# 7005 vs 6061 Aluminum, what is difference?



## NaplesTopless (May 20, 2006)

I been riding a Felt 90 (road bike) for about a year and want to upgrade to a better bike in the $1,500 range (give or take a $200). The Felt is made with 7005 Aluminum while the IBEX I am considering is made of 6061 Aluminum, does anyone know what the difference is and should I care. I just spent 45 min using the search trying to find the answer on this forum but the one thread that I found that might have answer my question used links that are no longer valid.
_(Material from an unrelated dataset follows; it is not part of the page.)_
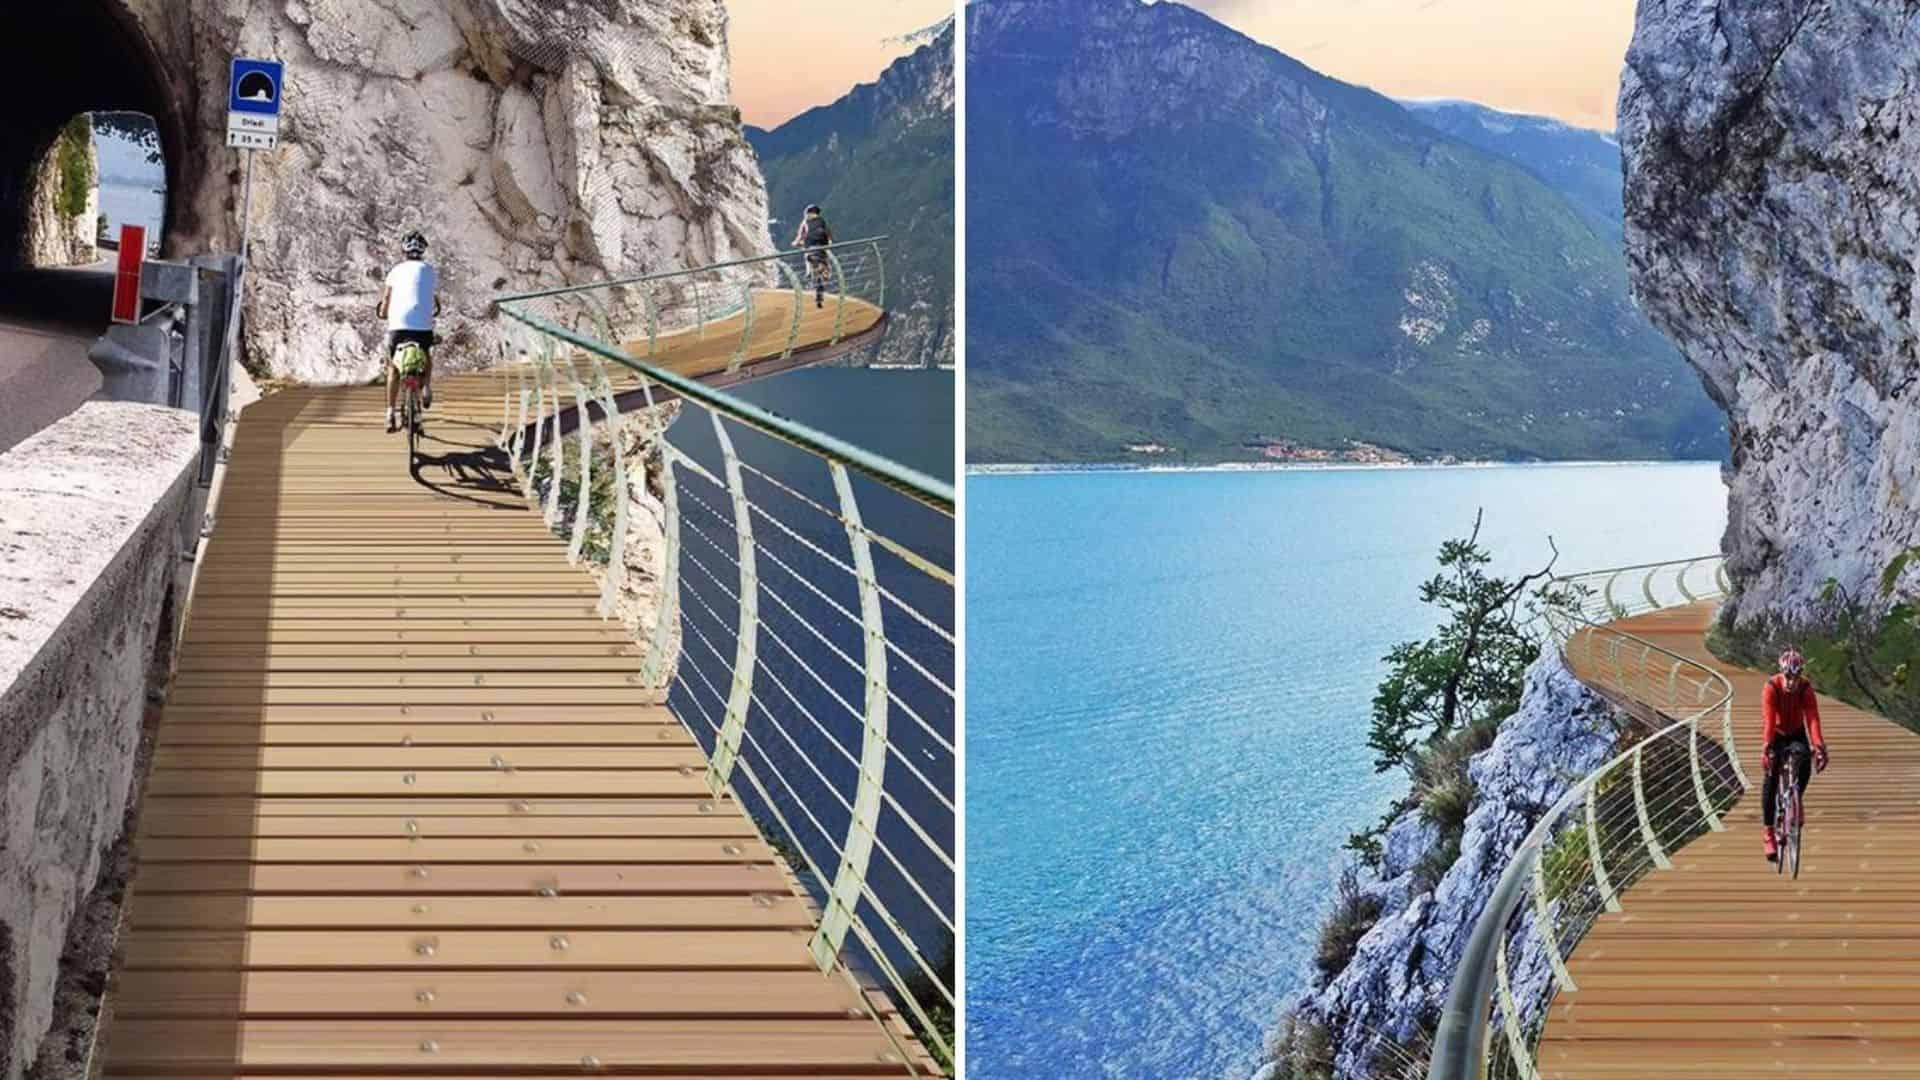 Italia: construyen un sendero para bicicletas que rodeará el Lago de Garda
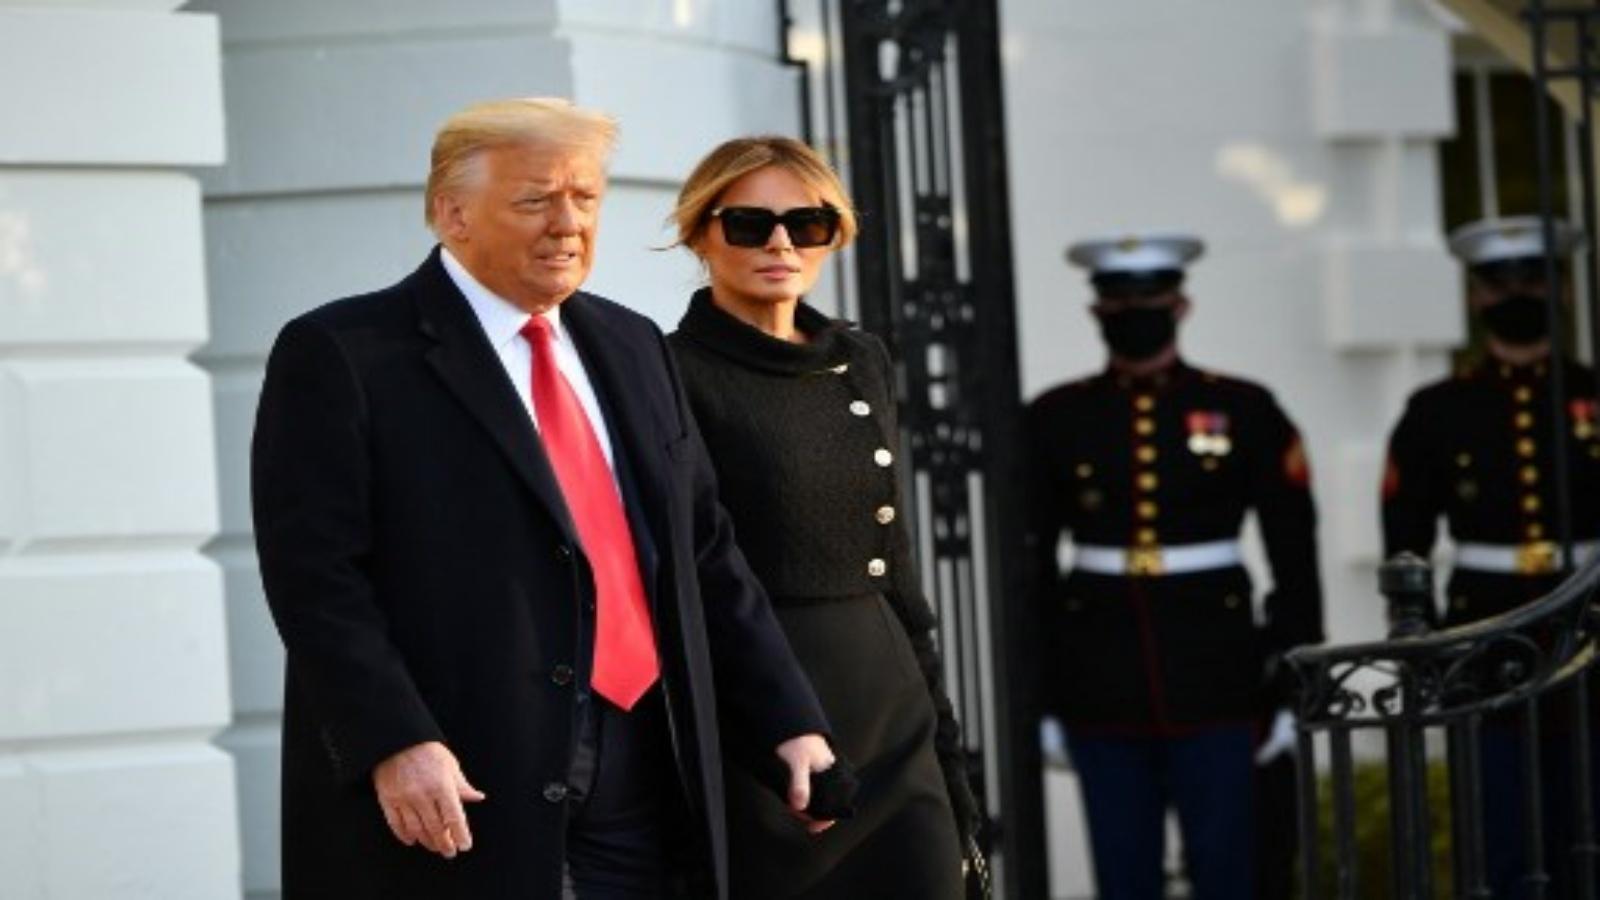 ترمب يغادر البيت الأبيض قبل ساعات من انتهاء ولايته الرئاسية

I am thinking that it is better to get a good frame with better components than a better frame with lower components


----------



## TylerDurden (Jan 28, 2006)

from looking at matweb.com, it looks like 7005 is slightly stiffer, stronger, and heavier than 6061, but not by too much. I think 6061 is a lot more common in bikes, but I don't think these differences should be significant enough to make a decision on. (density: 2.78 vs 2.7 g/ccm, stiffness: 72 vs. 68.9 MPa)


----------



## rogger (Aug 19, 2005)

The differences between alloys are insignificant compared to differences in build quality. Tube/frame manufacturers would like you to think one is more high-zoot than the other for reasons of sales competition. 6061 is an alloy that is widely used in various types of industry and is easy to work with, aluminum framebuilding pioneers used this alloy to great succes, 7005 was introduced later as a more high-tech alloy, mainly for marketing reasons. If you are going to decide between frames, look for the right geometry first, price second, looks third and then follow stiffness, warranty and service, finish of the frame, type of headset needed, braze-on FD or no, tire clearance and finally type of alloy.


----------



## Dave_Stohler (Jan 22, 2004)

I know that the guys in the machine shop love 6061-T6 because it is extremely easy to work with, and is probably the least expensive of the common commercial grades. you can buy it in bar stock, flat stock, rod, tube, hexagonal bar, you name it, it's available. I would also guess that it's much easier to do butting and swageing on extruded tubing, as well. I believe Cannondale has always used 6061-T6 aluminum.


----------



## ibexbikes (Apr 28, 2004)

*6061 vs 7005*

6061 and 7005 are the two most readily available aluminum alloys appropriate to making bicycle frames. We're also beginning to see 6066 and 6069 become available from some tubing manufacturers, but only on a very limited basis at this time. "Scandium" as used frames is actually an aluminum alloyed with a small amount of Scandium, yet is much too expensive for the general market. There are many other aluminum alloys like 7075 and 2014 that are stronger than both 6061 and 7005, but are not appropriate to making bike frames because they are nearly impossible to weld. 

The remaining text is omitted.